Reputation: 85
In this example, I have two tables; Order Header (oe-hdr) and Location (location). The order header table contains two fields (sale-location-key and ship-location-key) which have an associated location name in the location table. If I were to use SQL to get my results, I would do something like this..
SELECT oe-hdr.order-num, oe-hdr.order-date, saleloc.location-name, shiploc.location-name
FROM oe-hdr,
(SELECT location.location-name
FROM oe-hdr, location
WHERE oe-hdr.sale-location-key = location-key) as saleloc,
(SELECT location.location-name
FROM oe-hdr, location
WHERE oe-hdr.ship-location-key = location-key) as shiploc
WHERE oe-hdr.order-num = saleloc.order-num
AND oe-hdr.order-num = shiploc.order-num
Does anyone know how to replicate this in a Progress procedure?
Upvotes: 3
Views: 2242
Reputation: 61
To overcome Tims point about the missing addresses you could have a function or method (if using OO code) that returns the location-name and use that in the display. It would allow for better error handling on that front. Not sure the performance impact though.
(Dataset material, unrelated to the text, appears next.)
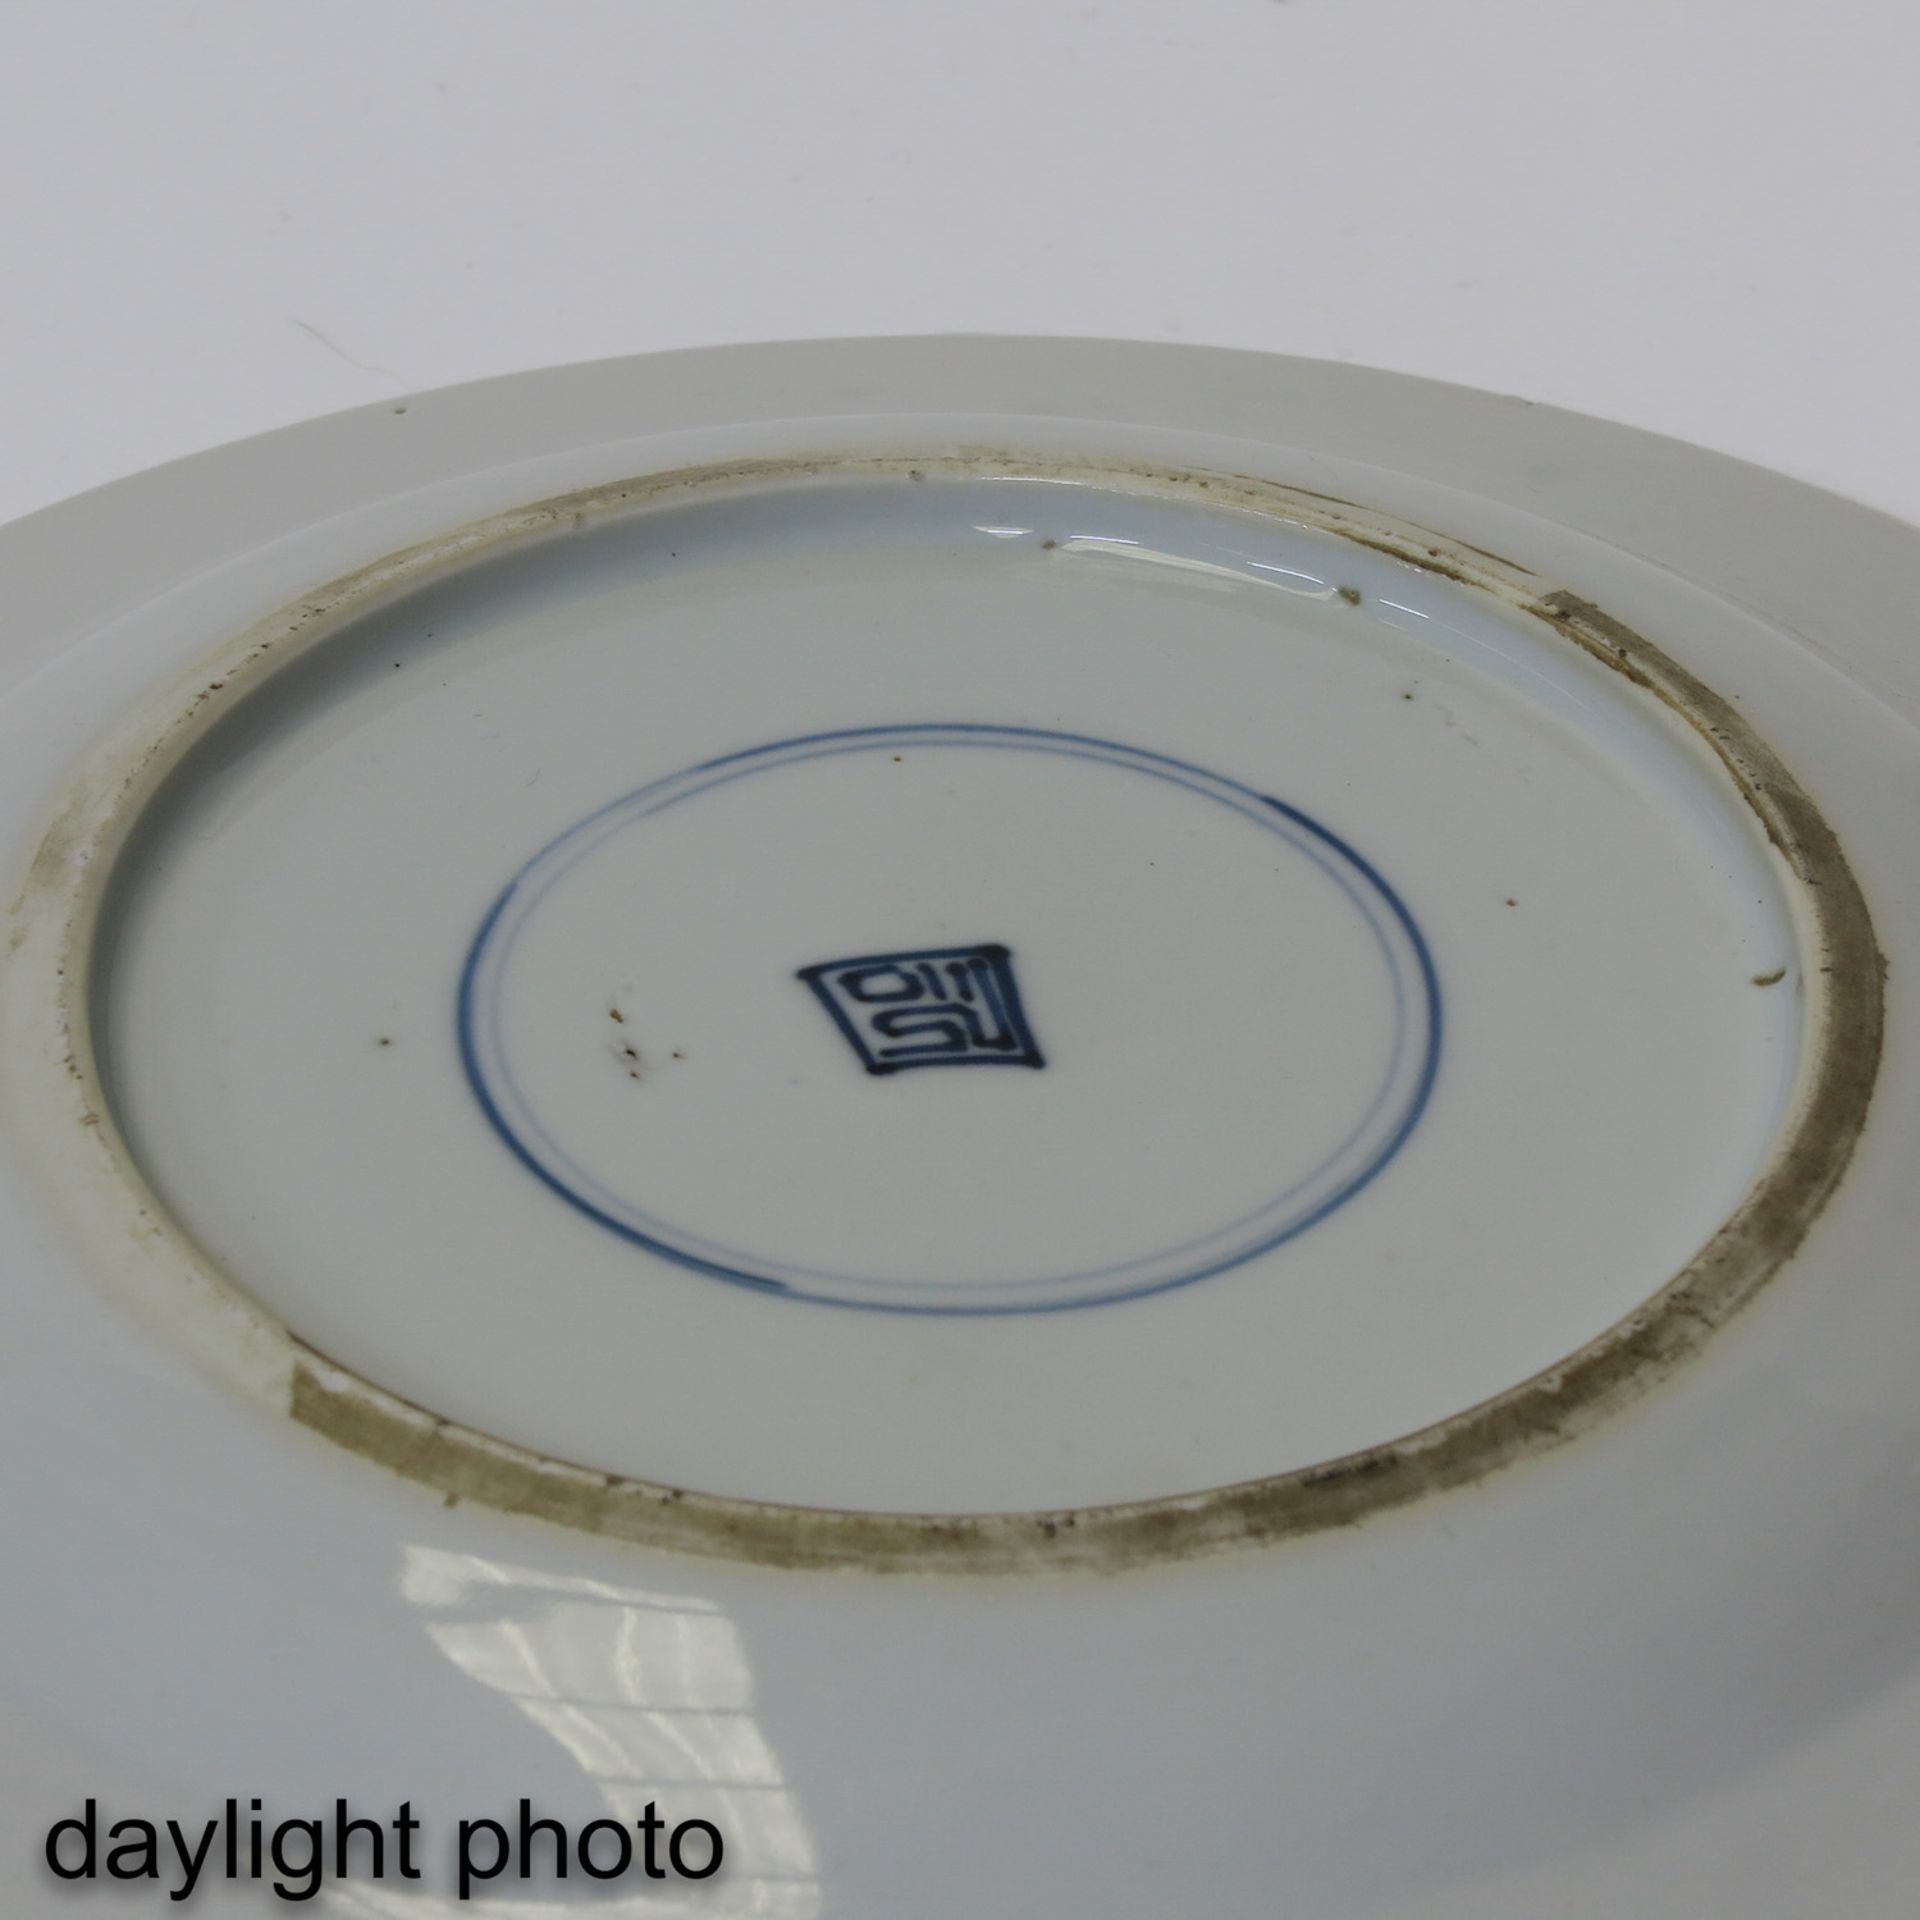 A Blue and White Plate - Image 4 of 6

Just a thought.
Upvotes: 2
Reputation: 3251
Define two buffers for "location" and then do a for-each with a link to the buffers:
DEFINE BUFFER saleloc FOR location.
DEFINE BUFFER shiploc FOR location.
FOR EACH oe-hdr
NO-LOCK,
EACH saleloc
WHERE saleloc.location-key = oe-hdr.sale-location-key
NO-LOCK,
EACH shiploc
WHERE shiploc.location-key = oe-hdr.ship-location-key
NO-LOCK
:
DISPLAY
oe-hdr.order-num
oe-hdr.order-date
saleloc.location-name
shiploc.location-name
DOWN
.
END.
one note - if the sale or ship-to doesn't exist in the location table, then the entire record will not be displayed. You'll need a different approach if you need that functionality - it'll involve moving the "linking" to a pair of "FIND" statements in the FOR EACH block.